Have been trying to figure out this hop is worth brewing with or growing myself (both of which I'm considering).

Being doing some detective work and found some older brewers in Melbourne who actually grow the stuff who gave me a bit more info as well. Sadly they had no rhizomes to part with but I still have some leads.

Much of your info agrees with what I've found. Appears the hop grows very well in Australia and gives good yields of hop cones - similar yields to Pride of Ringwood in some cases. Have been told this hop has a flavour similar to a German Noble Hop, hence the name - but no one could give me any precise info on the taste it imparts or exactly what beer its suited to other than to say 'European Styles'. I thought maybe it was a cross breed with a Goldings hence the 'Gold' in the 'Vienna Gold' but was told there is no Goldings flavour in the hop that's detectable.
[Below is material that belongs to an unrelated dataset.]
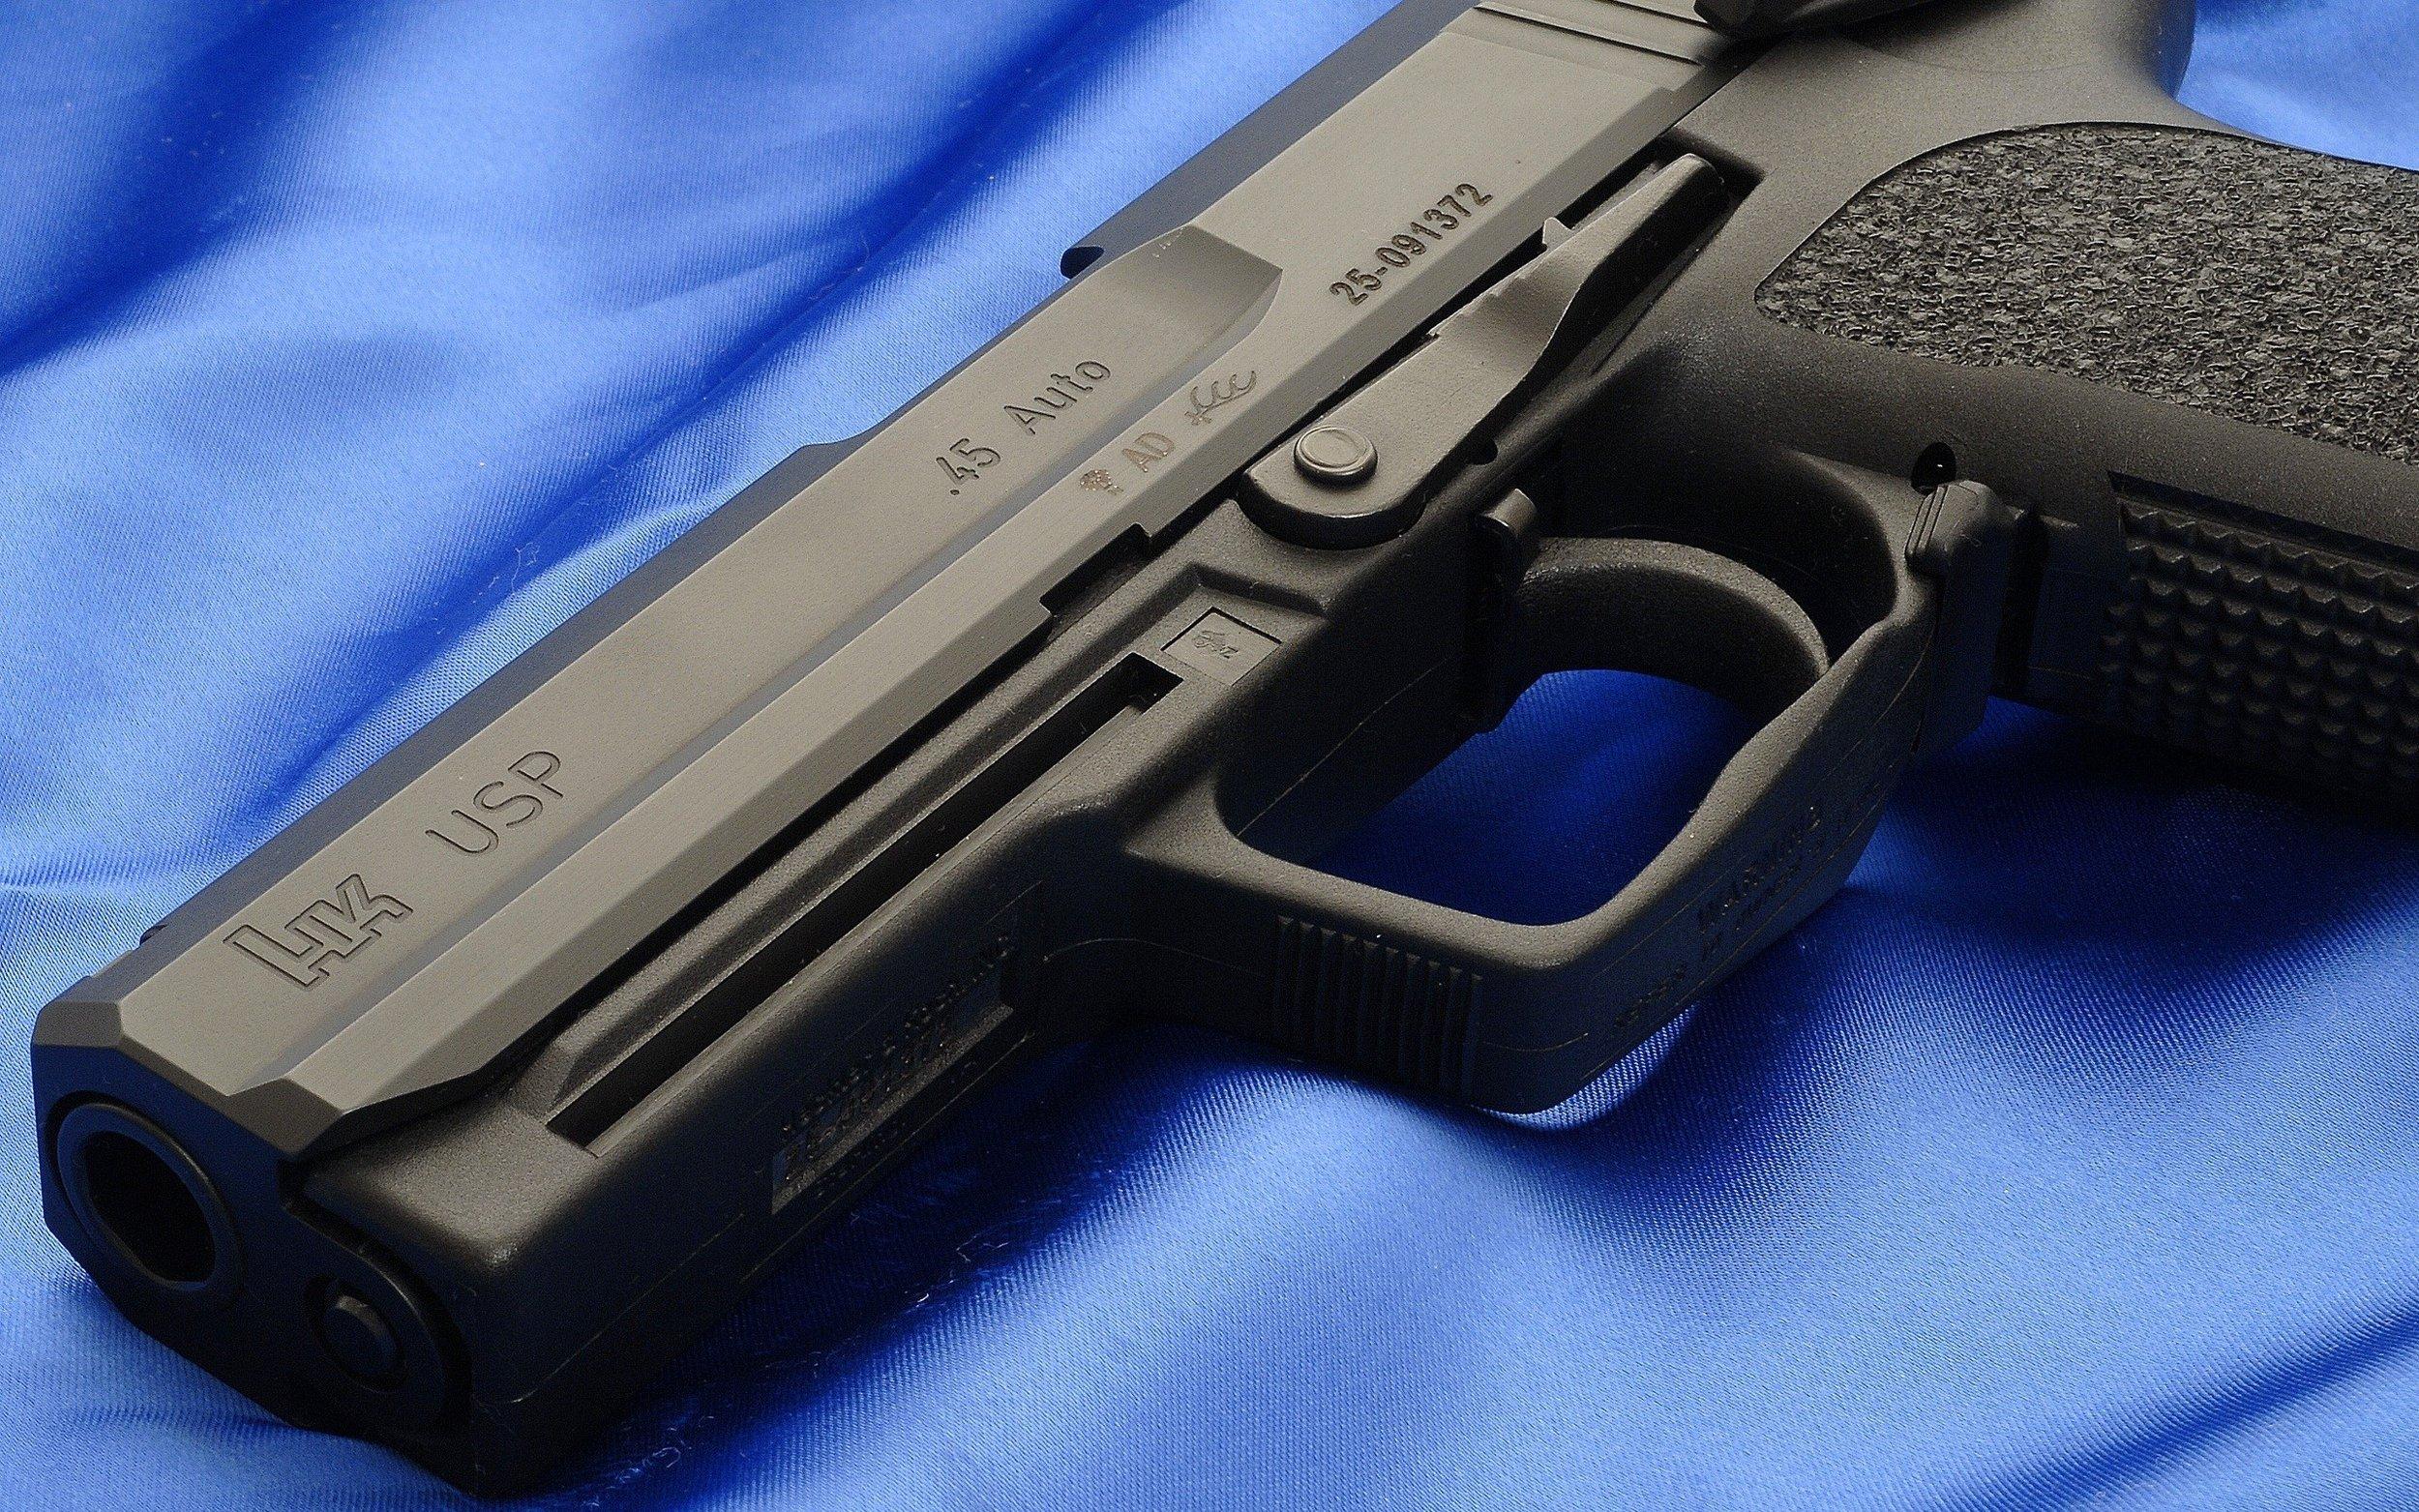 HK_Elite_Black_Gun_Weapons_HD_Wallpapers.jpg

Was told that it was widely grown in Australia up until Pride of Ringwood was developed (I think in the 50s) and then it was more or less superseded as everyone was drawn to that hop because of it's high alpha acid qualities. The small amounts grown in backyards in Melbourne and popping up elsewhere have been kept going by the exchange of rhizomes from a handful of brewing clubs - but it's not widely available. 
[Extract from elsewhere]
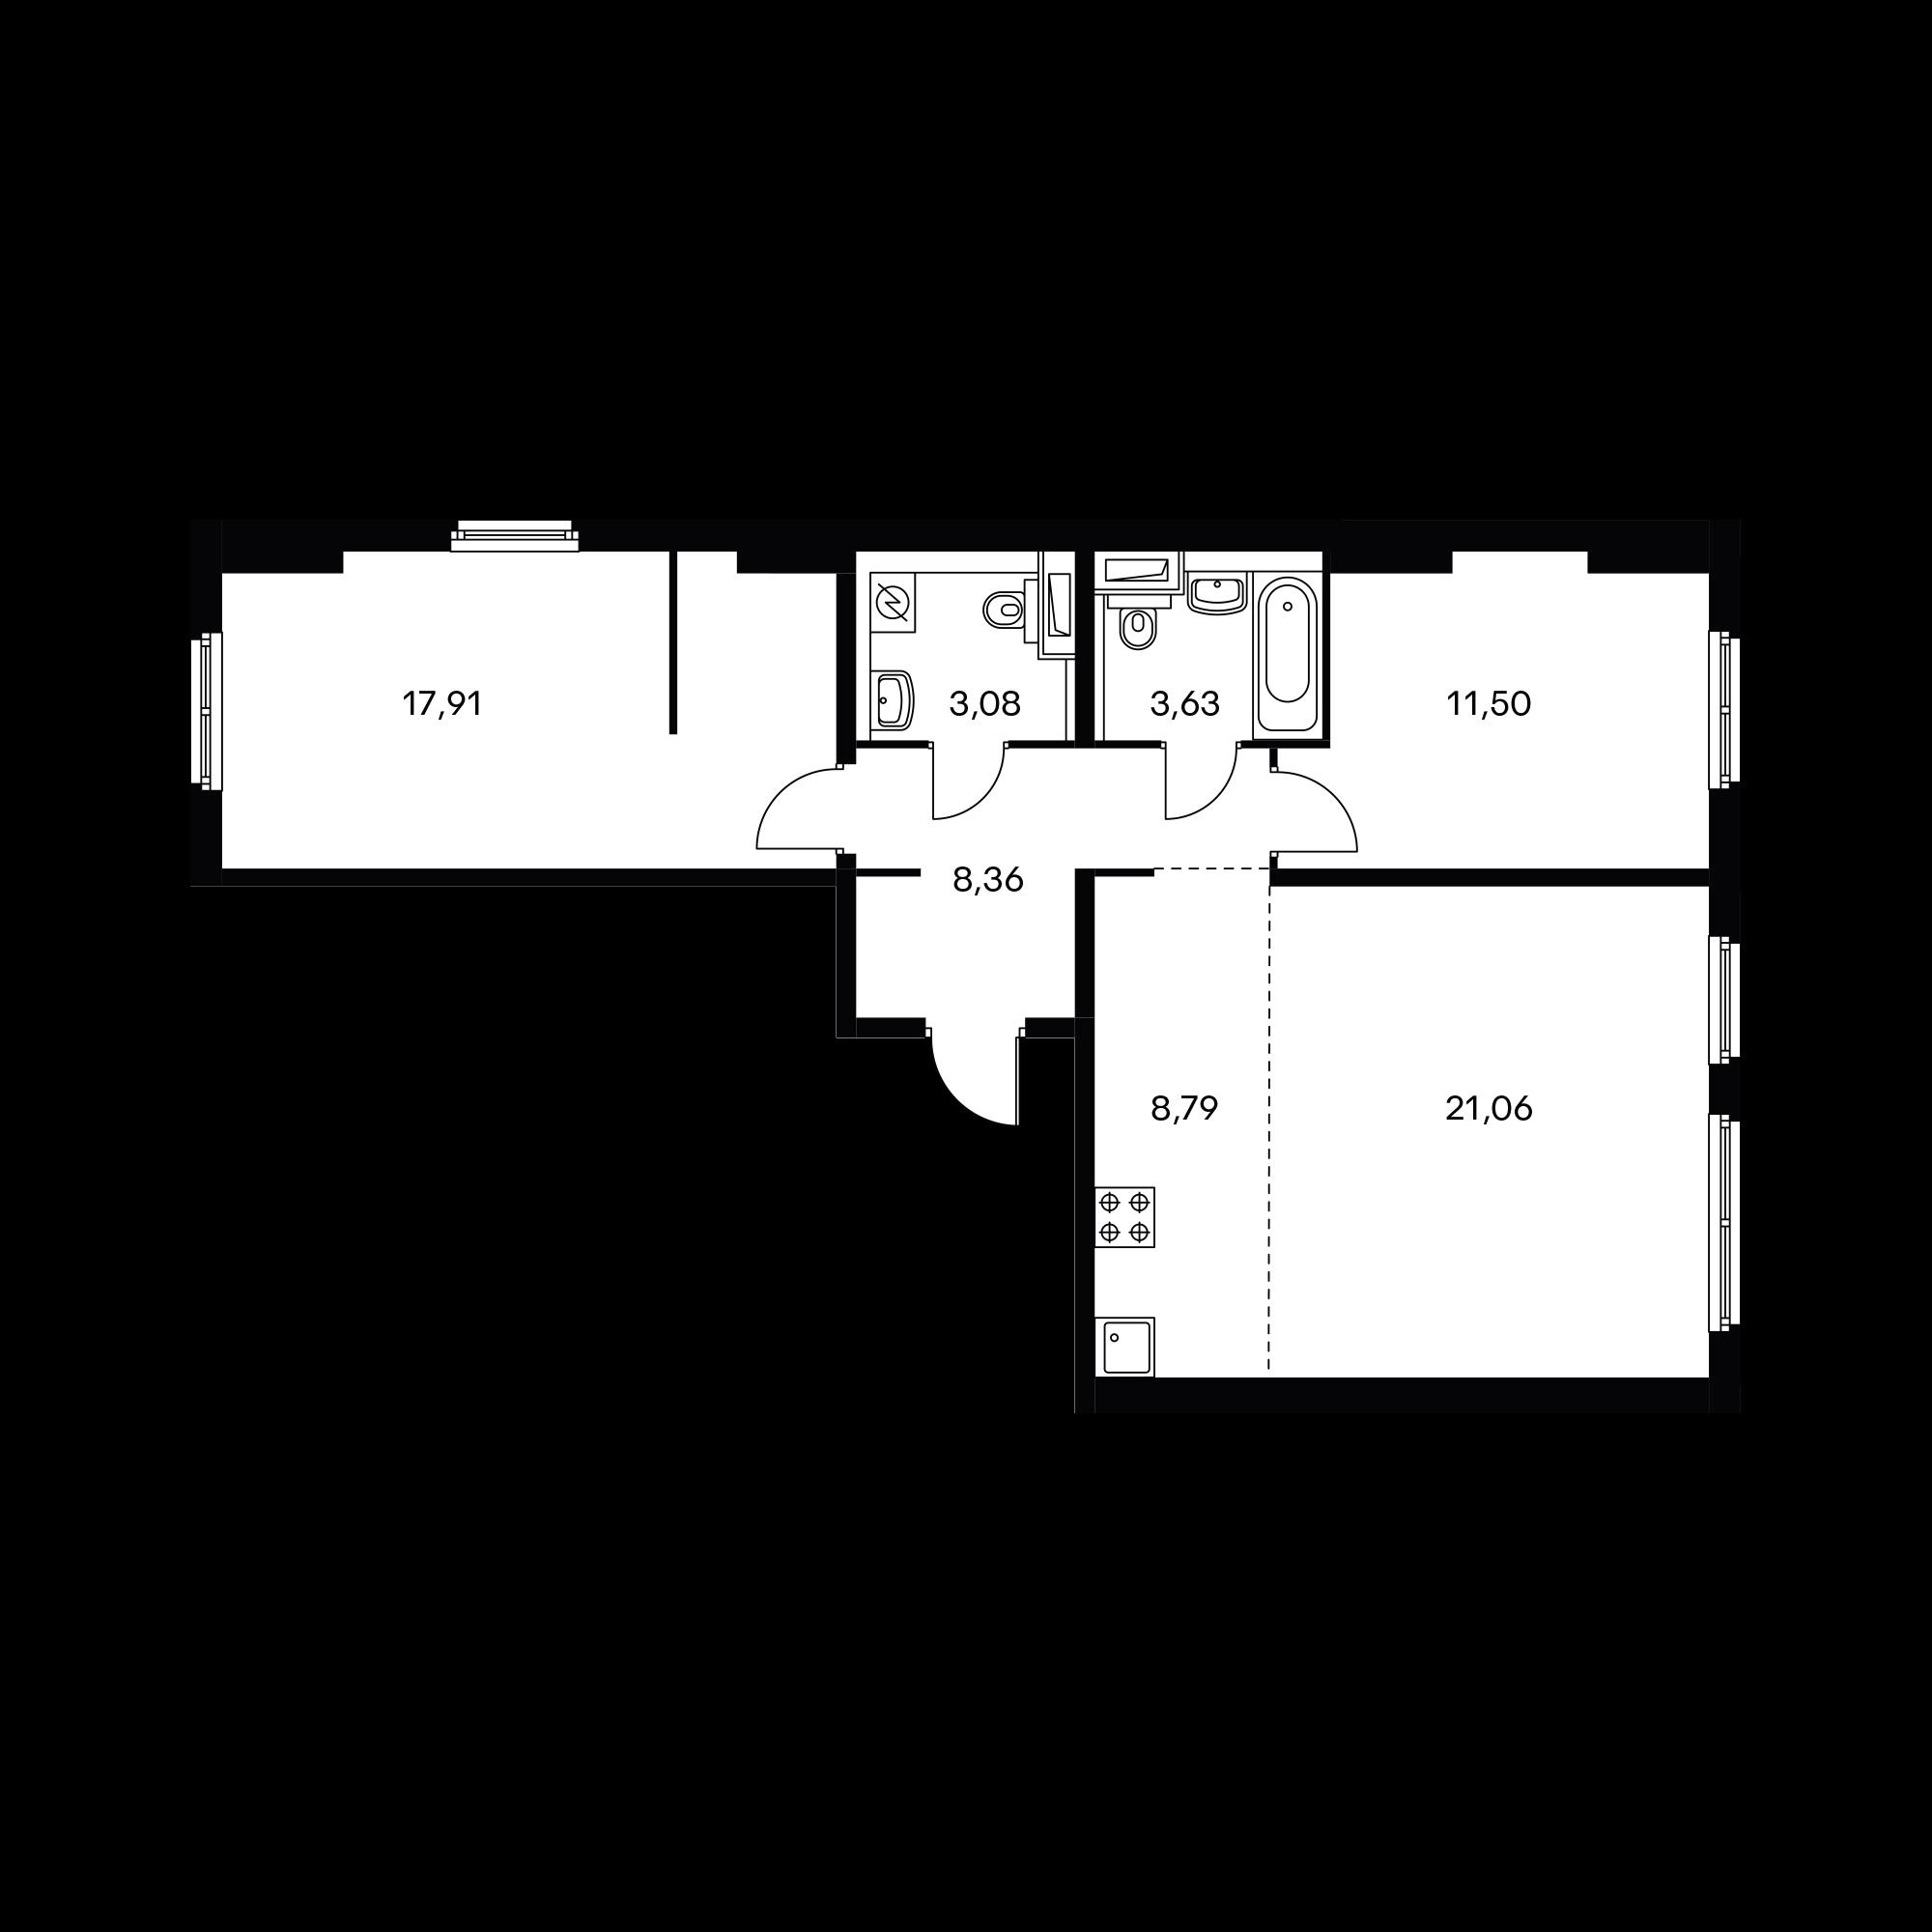 3NM1_8.4-2_T_A

The guys I spoke to proudly said that they were partly responsible for the stuff still being around as they do the occasional swap. Otherwise, according to them it would have disappeared 50 odd years ago.

Cheers and many thanks, :icon_cheers: 

Hopper.


----------



## hillbillybreweries (30/6/09)

Hi Hopping,

while not growing it I have tasted a few pale ales from one of those older Melbourne Brewers who grows it himself. Judging by those beers and allowing for the fact he's a very experienced home brewer I thought they were a fantastic aroma hop. Well worth growing in my opinion.


----------



## HoppingMad (30/6/09)

Sweet Hillbilly - might have to have a crack at it.

Aroma you say - can you say more on the flavour? Grassy, spicy, citrusy, bitter? Or too long ago to tell?

Cheers,

Hopper.


----------



## hillbillybreweries (30/6/09)

From memory, along the lines of German noble hop in flavour, pretty sure the main reason it was dropped commercially was because of the low AA with flavourless lagers taking over.


----------



## Bizier (30/6/09)

This is really making me consider getting my hands on some.


----------



## andyg1 (19/8/10)

HoppingMad said:


> Hi guys,
> 
> Have come across "Vienna Gold" hop on a couple of brewsites but there seems to be a lack of info out there in webworld.
> 
> ...


----------



## andyg1 (19/8/10)

Hi all,
New to site, but better late than never.I have vienna gold growing at home. I first got them in from hop growers in tassie in 1986. Experimental at the time. AAU is only approx 6% not 10%. They are very hardy and produce good to medium sized cones.The taste and aroma is similar to many earopean hops, but with a fruity, slight passionfruit aroma. problem I found with them, is they must be picked a soon as they are starting to dry. Otherwise they brown off quickly and the aroma is gone.They are good for dry hopping, but require a lot. Probably better hops to choose from nowdays. I am looking for cascade rhyzomes next. Missed the boat this year with Hopco. Galaxy would be nice too. S'pose they ( rhyzomes) will become available one day. 
Andy


----------



## Wolfy (19/8/10)

I'm not sure why this old thread has been dredged up, however, there is another thread (_around here somewhere_) with details that "Vienna Gold" is simply a 'marketing' name for "Cluster" - the two varieties are exactly the same.
Some someone thought that "Vienna Gold" sounded much more marketable than "Cluster" so that's how it came about.


----------